Worldwide Connectedness and grassroots Democracy 

The United Methodist Church (UMC) is a global church. 12 million people are part of the UMC across the globe. All committees of our church are elected democtratically, from local parish up to the highest Level: The General Conference. 
All ministries are open to men and women. All decisions are taken mutually by lays and pastors. Elected Bishops supervize geographic regions and conduct Annual Conferences without themselves having voting power at these Conferences. 

Theology and Understanding of the Church

The basics of life and ministry of the UMC is the Gospel of the Bible. The Church has a sophisticated understanding of the bible, which combines tradition, reason in the way of common sense and personal everyday experience.

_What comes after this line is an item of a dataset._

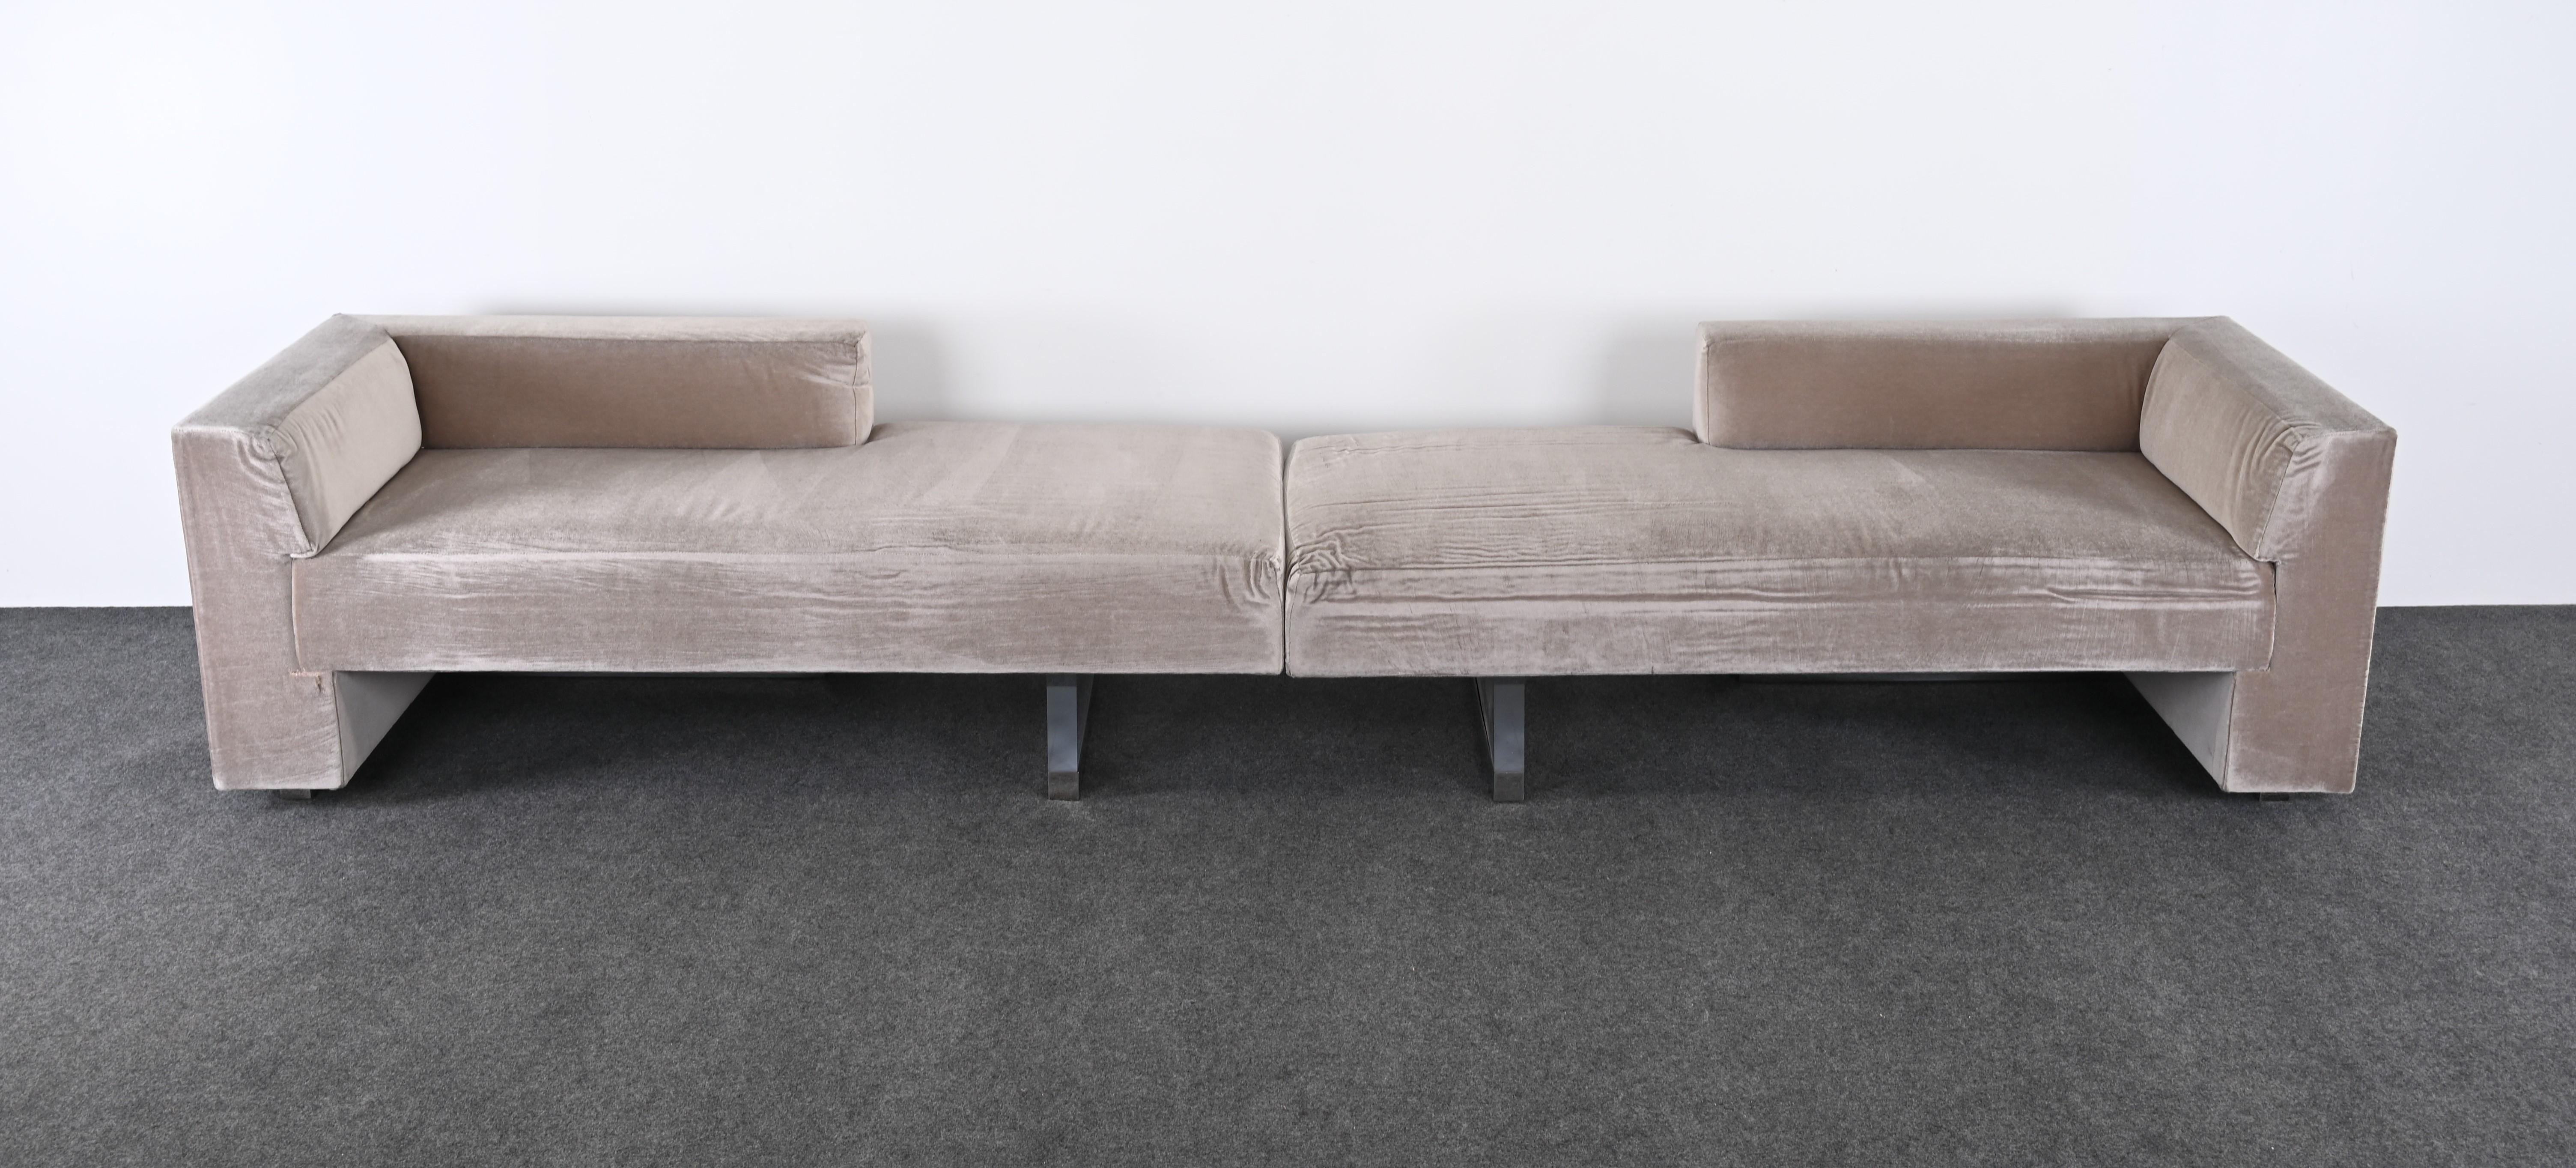 Late 20th Century Two Piece Sectional Sofas by Vladimir Kagan for Gucci, 1990s

This Comes along with a great freedom for personal confession in everyday life through a faith which is active in Love. (In der Liebe tätig sein)
The UMC explicitly wants to facilitate and bear up this variety. Church founder John Wesley said: "In all questions which do not hit the roots of Christianity, we stick to the rule: Think and let think! The UMC still is a missionary Church that invites people into a personal relationship to God. A Person who testifies his/her faith in front of his Church becomes a member of the Church. All Methodists and Methodist parishes are part of a worldwide network and take charge for each other. Wesley called this system of attachment: Connexion. It characterizes the structur of our church. The Leadership of the UMC are equally formed by lay people and pastory. 

Proclamation connected to diaconia

Methodist proclamation aims for change in personal life and in the society. This opens our eyes towards the poor, the disfranchised, the neglegted of our society. Methodists played an important role in ending slavery in England 200 y ears ago.
In 1908 the church passed a statement about social issues: "We see the natural world as God's creation and seek ist preservation, improvement and faithful use through humanity." In 1946 Social Principles it sais: "We assure that in God's eyes, all people are equally valuable, and therefore we work towards a community in which the value of each human being is respected, kept and strengthened." 
These commitments are not empty words. Homes for Elderly people, Hospitals, a socio-therapeutic home, accommodation for Holiday camps and hotels are signs of the ministry of the Church towards society. Also Local churches are commited in their neighborhoods, e.g. with visits to elderly or lonely people lunch tables, work with children and youth, day care centers and work with marginalized people.